Exactly as written, output each of the lines below, with no images.

● PROVIDED MATERIAL
+ + +

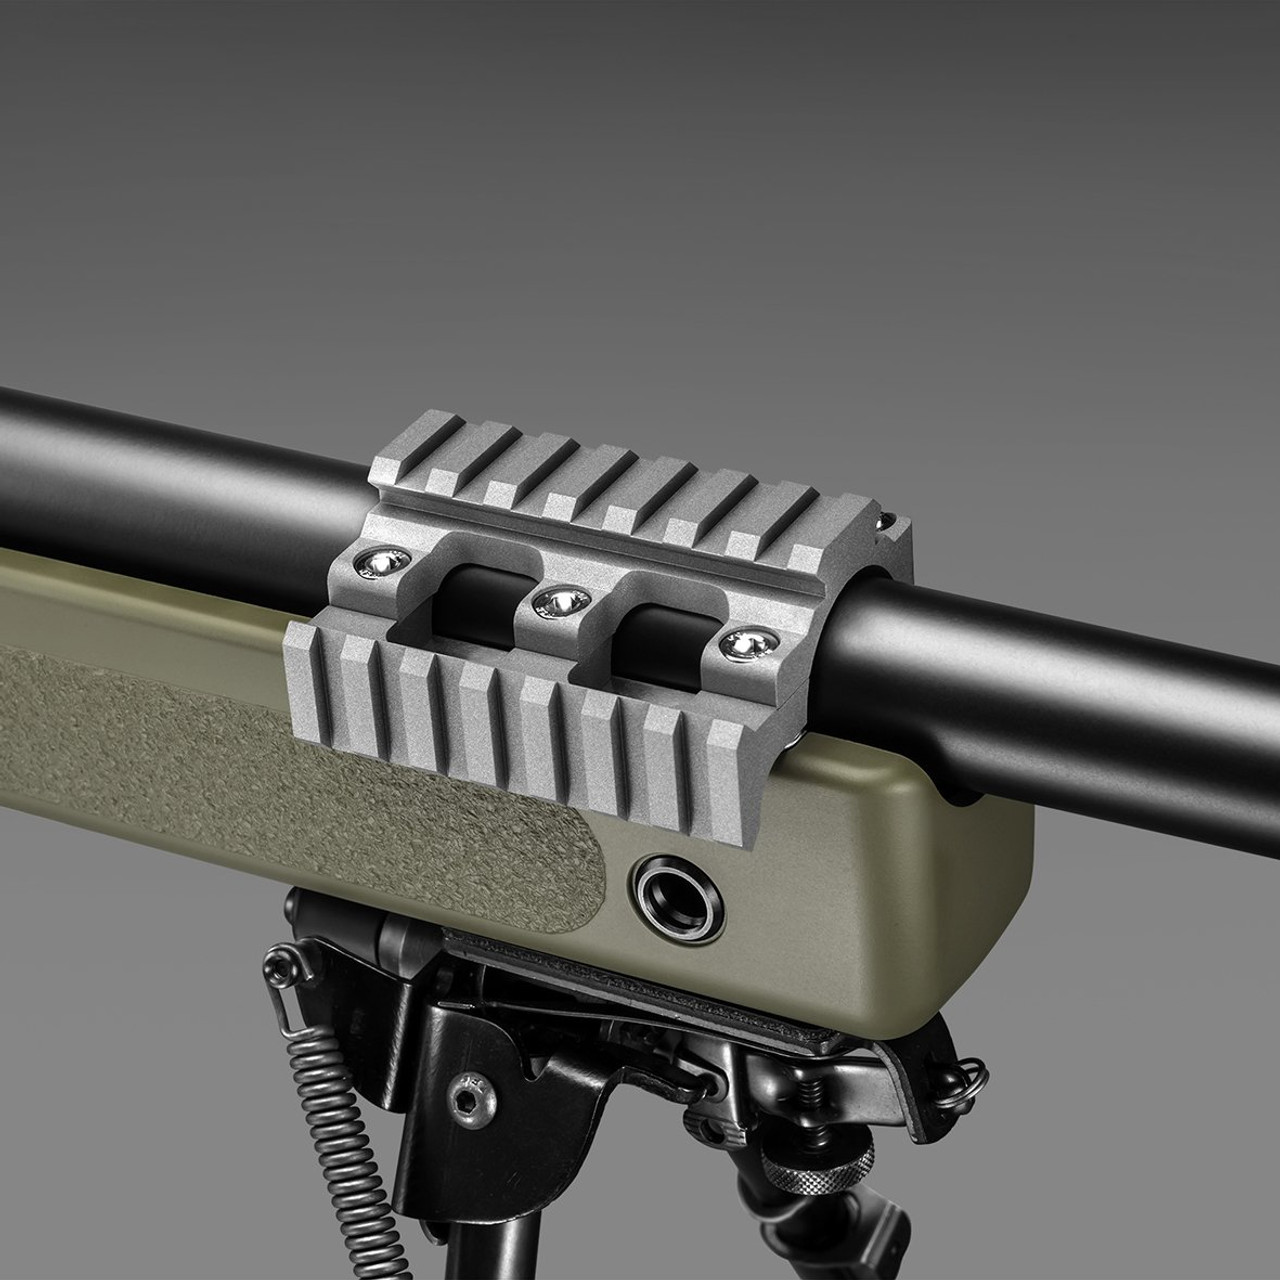 Top of Tokyo Marui M40A5 O.D. color stock bolt action airsoft rifle gun 
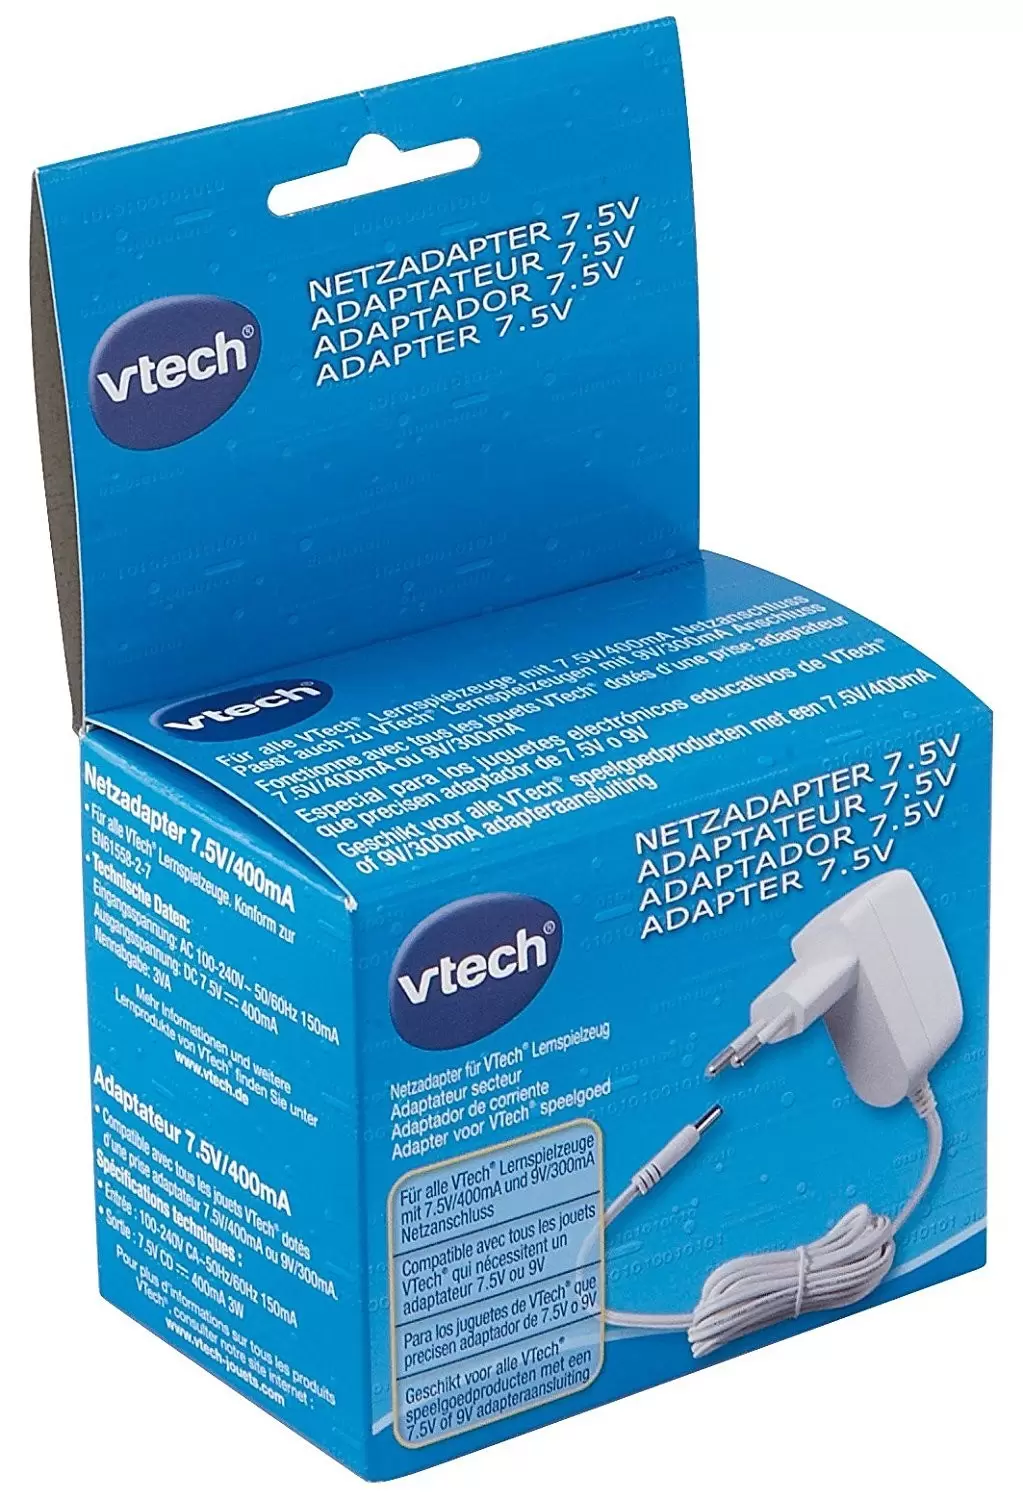 Vtech Stuff - Adaptateur secteur Vtech 7.5V - 9V
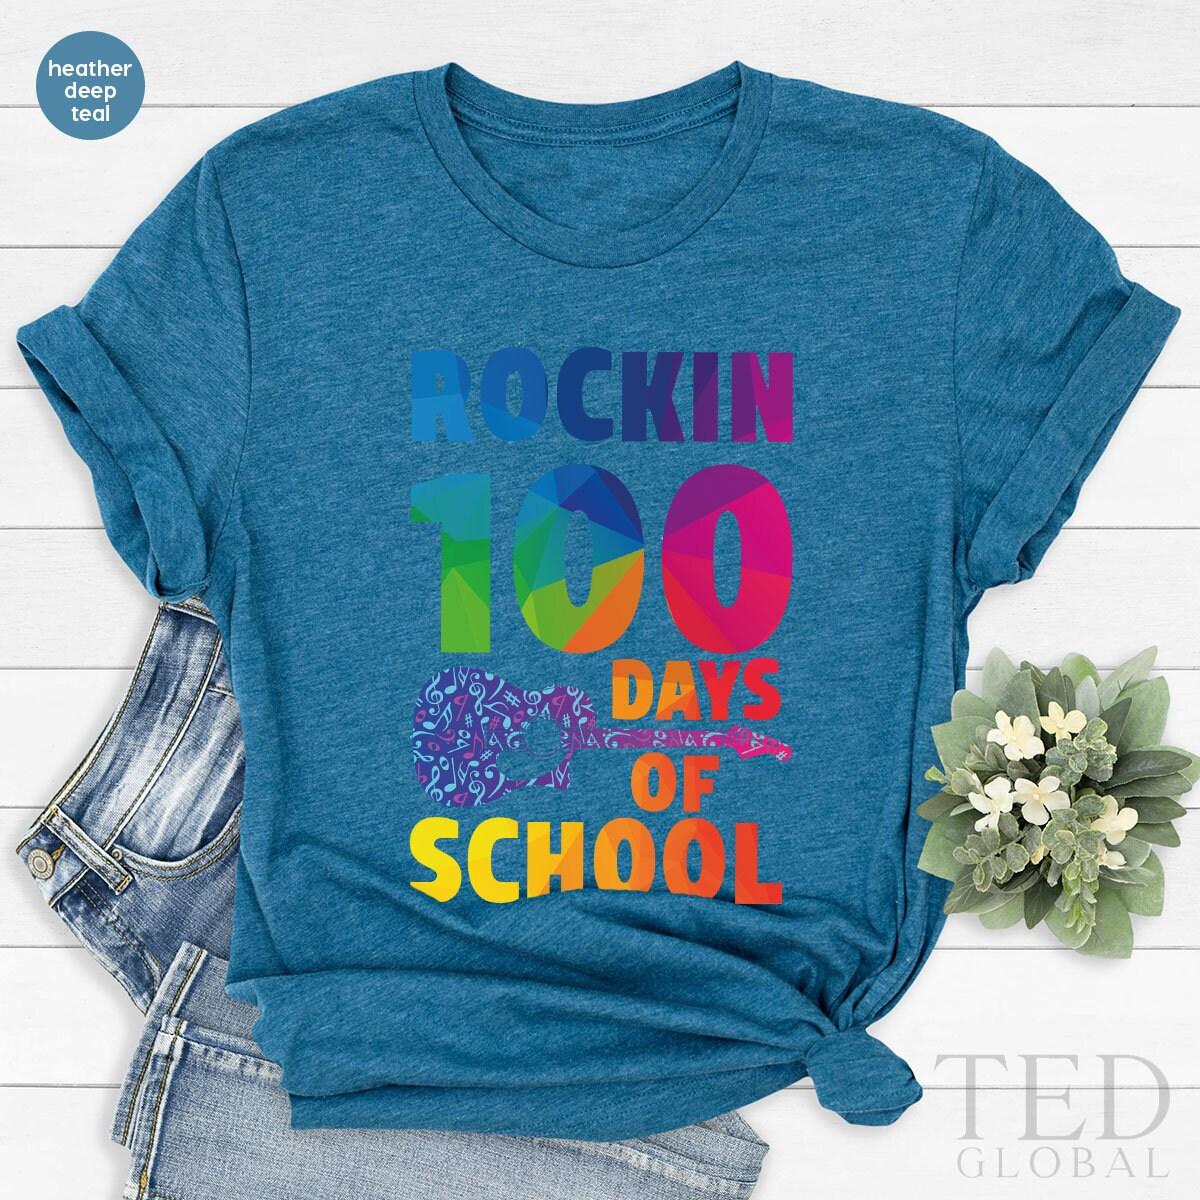 100 Day Of School Shirt, Funny Rockin T Shirt, Back To School T Shirt, Cute Kindergarten Shirts, Cute School T-Shirt, Gift For School - Fastdeliverytees.com
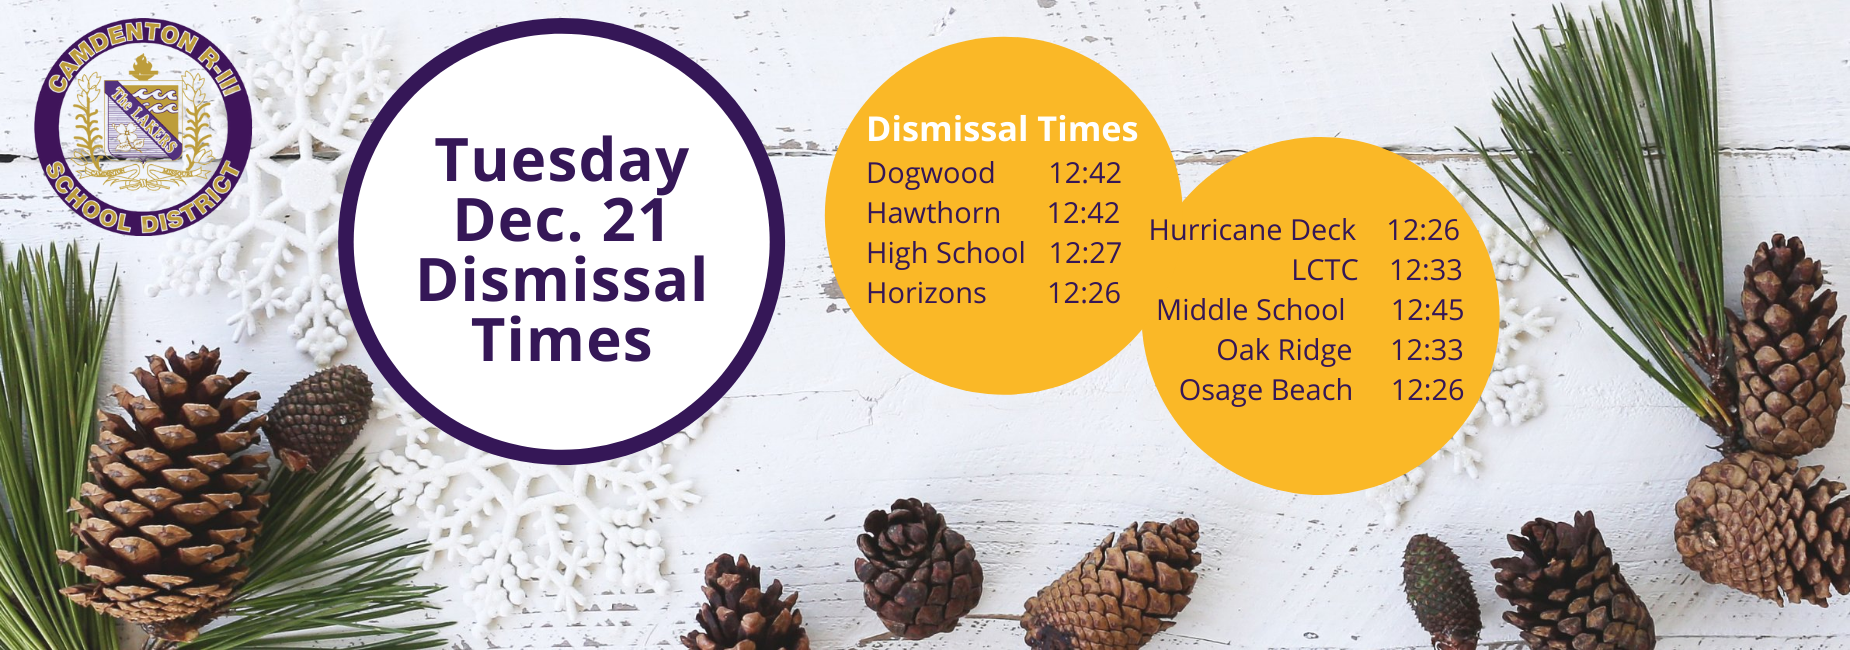 Dismissal times

+ + +

● ANSWER TO THIS TASK
 Top of Tokyo Marui M40A5 O.D. color stock bolt action airsoft rifle gun 
 Vtech Stuff - Adaptateur secteur Vtech 7.5V - 9V
 100 Day Of School Shirt, Funny Rockin T Shirt, Back To School T Shirt, Cute Kindergarten Shirts, Cute School T-Shirt, Gift For School - Fastdeliverytees.com
 Dismissal times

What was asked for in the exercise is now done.